The data that follows must be transcribed in full and exactly, minus the pictures.

*Dataset excerpt*:
┌──

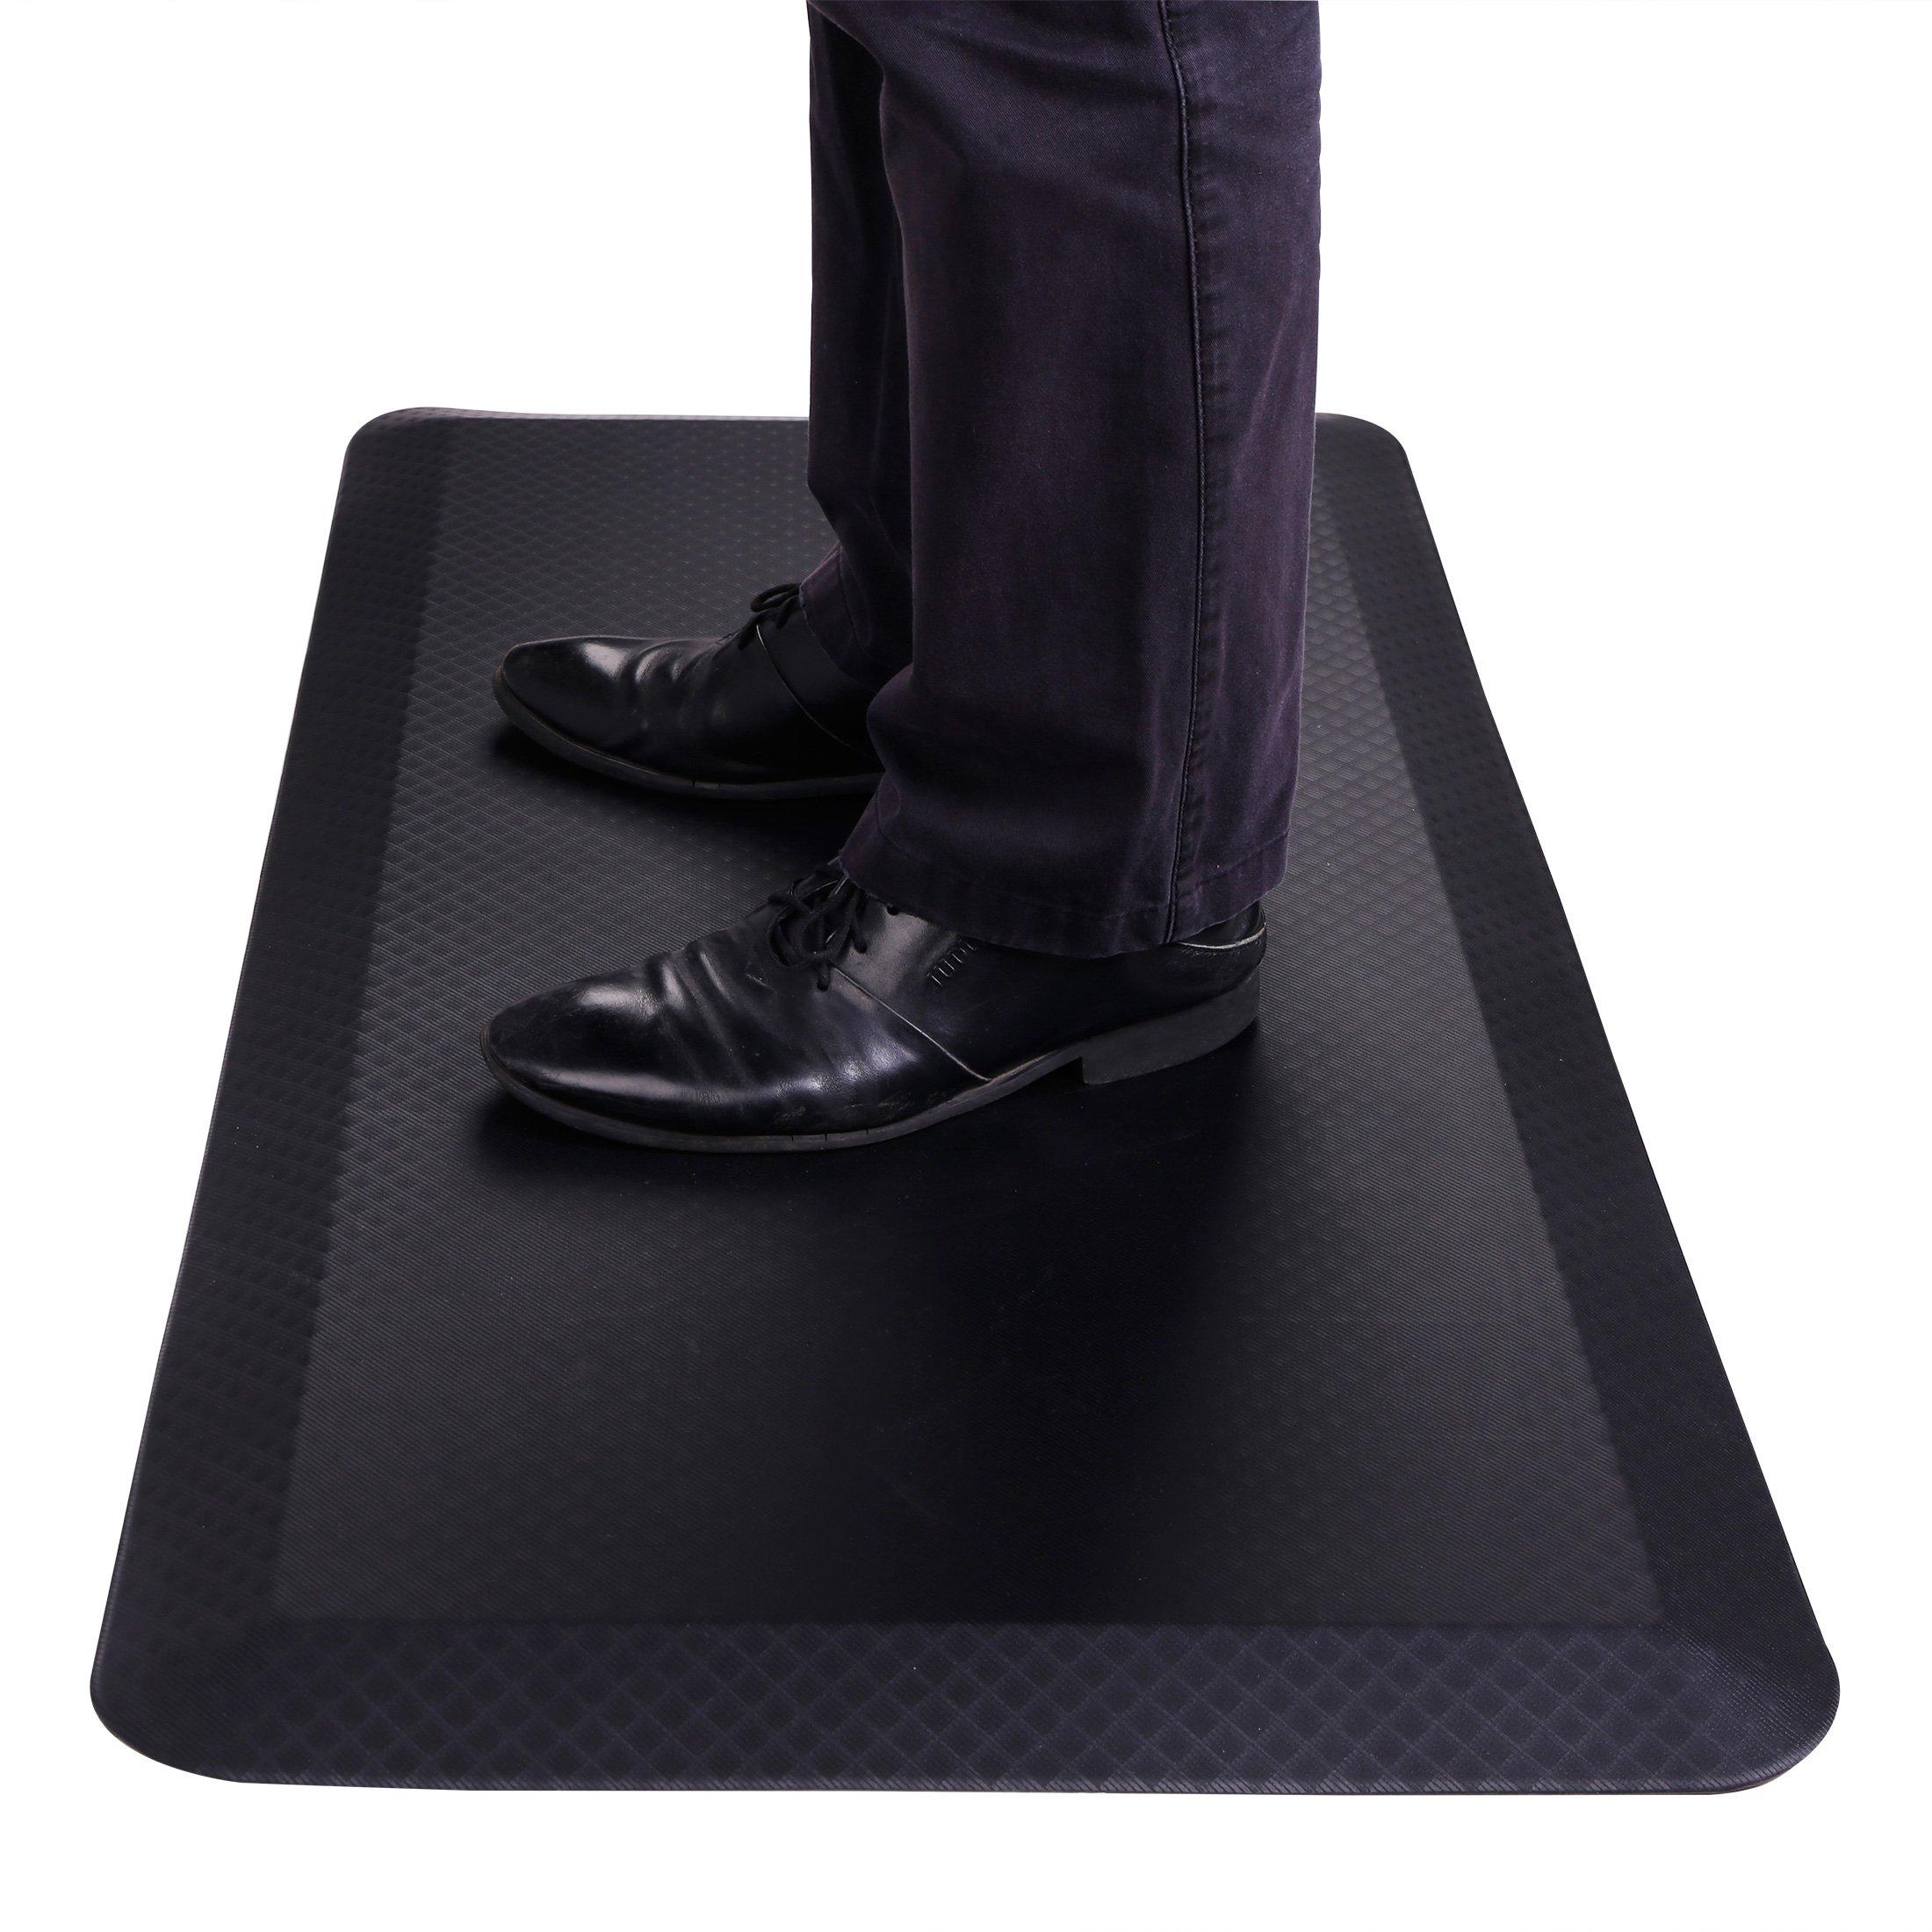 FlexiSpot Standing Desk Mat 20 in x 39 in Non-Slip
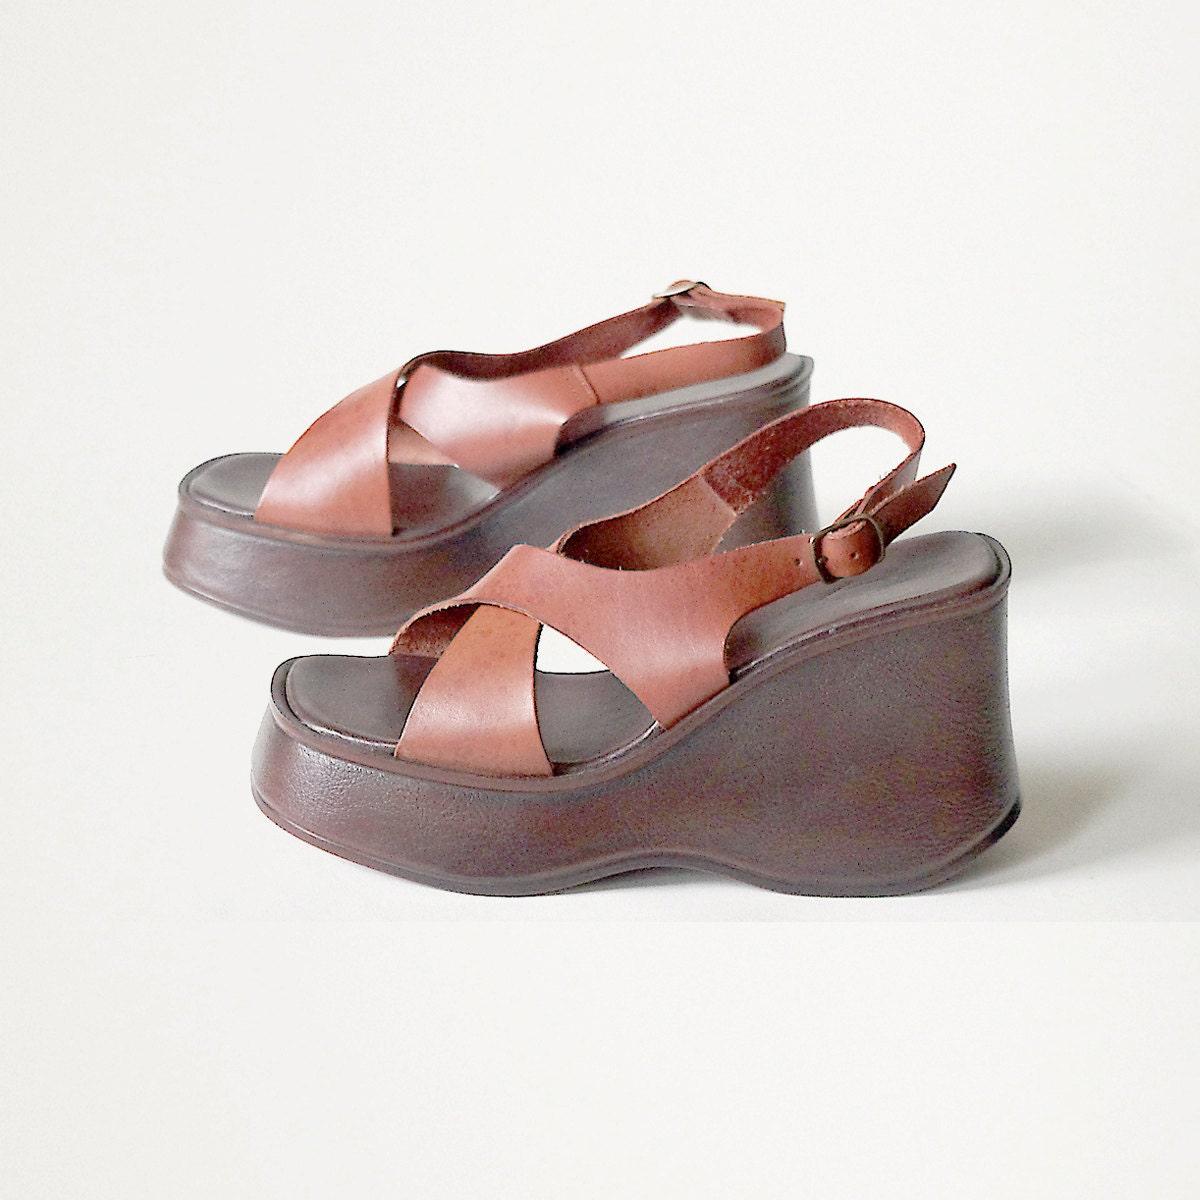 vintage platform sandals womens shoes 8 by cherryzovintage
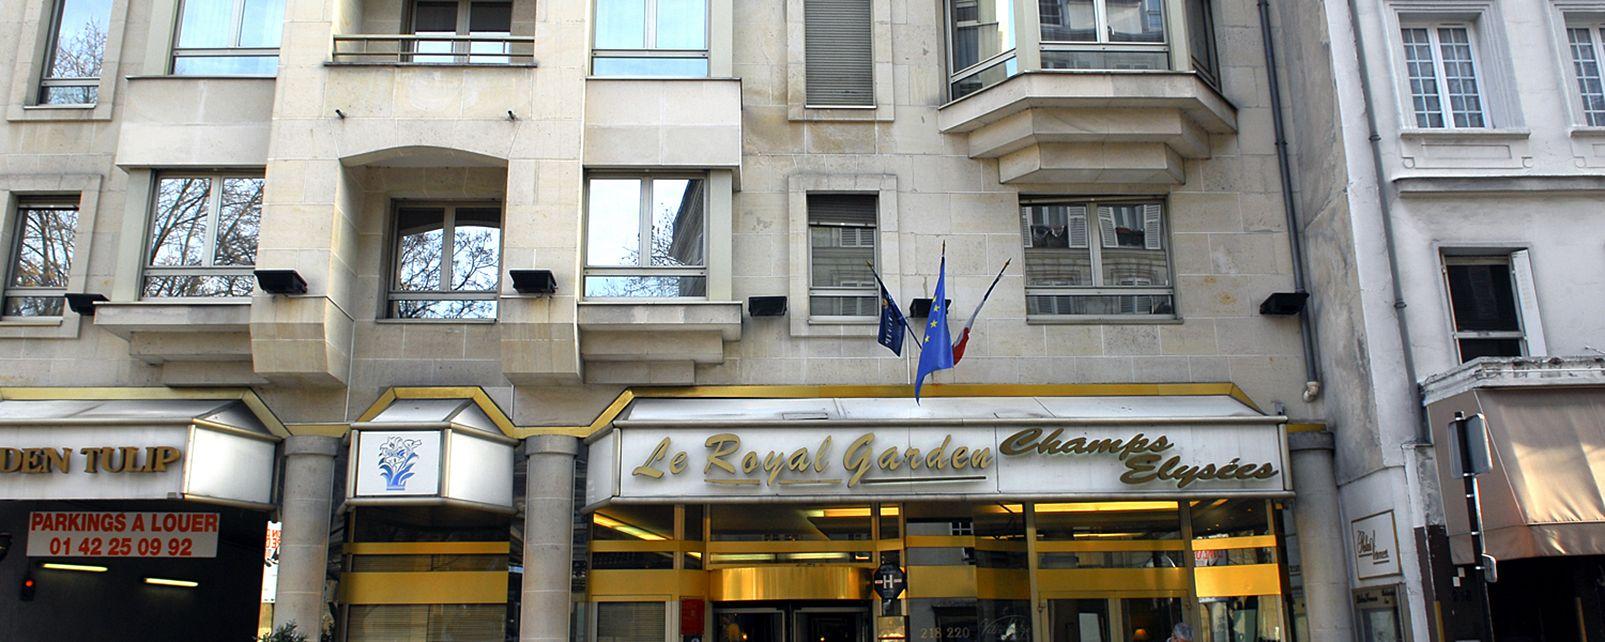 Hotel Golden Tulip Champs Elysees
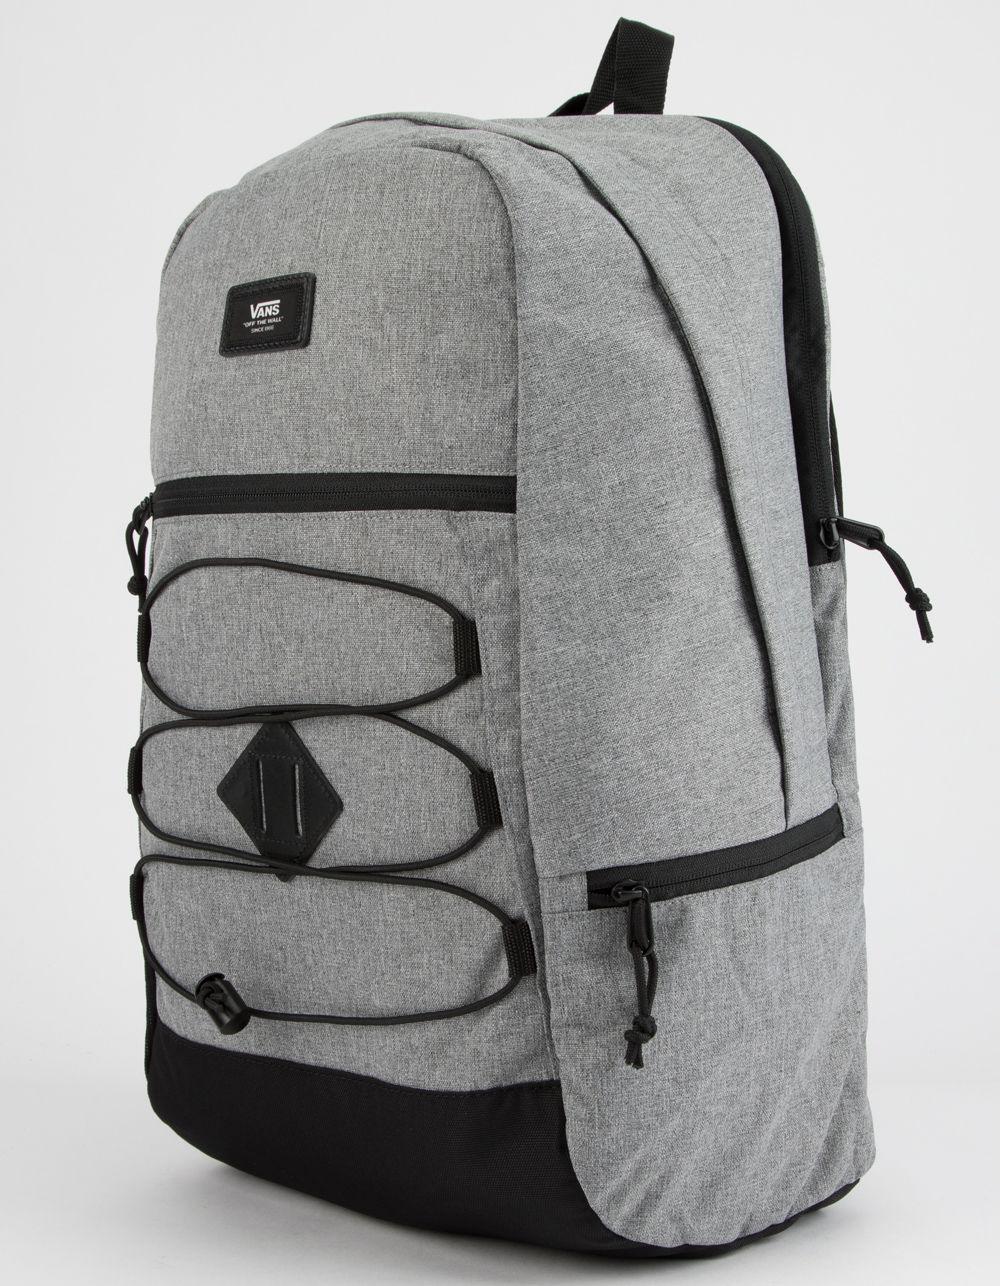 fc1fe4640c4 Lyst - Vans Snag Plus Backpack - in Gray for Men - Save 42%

└──

*Solution*:
 FlexiSpot Standing Desk Mat 20 in x 39 in Non-Slip
 vintage platform sandals womens shoes 8 by cherryzovintage
 Hotel Golden Tulip Champs Elysees
 fc1fe4640c4 Lyst - Vans Snag Plus Backpack - in Gray for Men - Save 42%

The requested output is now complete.